GCP alert: Only alerting when threshold is violated for multiple measurement periods

1.6k Views Asked by At

In GCP, I have an alerting policy on database CPU and memory usage. For example, if CPU is over 50% over a 1m period, the alert fires.

The alert is kind of noisy. With other systems, I've been able to alert only if the threshold is violated multiple times, e.g.

  • If the threshold is violated for 2 consecutive minutes.
  • If over a 5 minute period, the threshold is violated in 3 of those minutes.

(Note: I don't want to simply change my alignment period to 2 minutes.)

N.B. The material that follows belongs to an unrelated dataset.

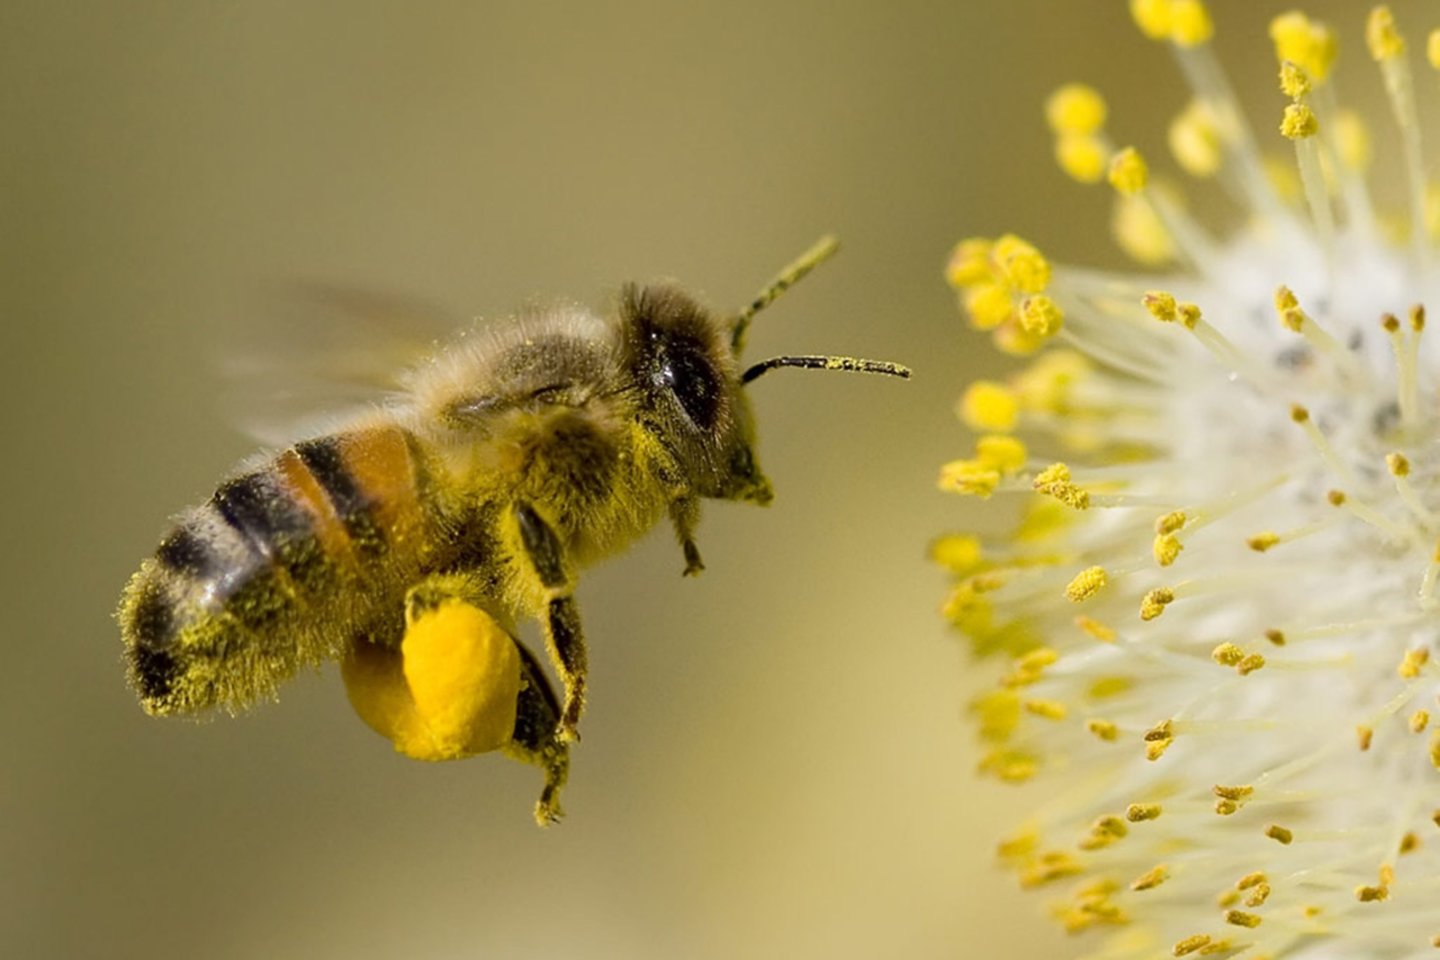  Nyderlandų mokslininkai išmokė bites atpažinti COVID-19 pagal kvapą<br>123rf nuotr.

There are a couple things I've seen in the GCP alert configuration that might help here:

  1. Change the "trigger"
    • UI: "Alert trigger: Number of time series violates", "Minimum number of time series in violation: 2".
    • JSON: "trigger": {"count": 2}
  2. Change the "retest window"
    • UI: "Advanced Options" → "Retest window: 2m"
    • JSON: "duration": "120s"

But I can't figure out exactly how these work. Can these be used to achieve the goal?

1

There are 1 best solutions below

1
On

The restest window option is usefull in the scenario i think, i have similar requirement that i have set it up in GCP alert policy for db CPU uttlisation breaches 70 % for 5 mins rolling time . if the alert gets clear in 5mins it wont alert but it reappears again for more than 10mins ,it can trigger alert.

I have setup in restest window of time limit 10mins.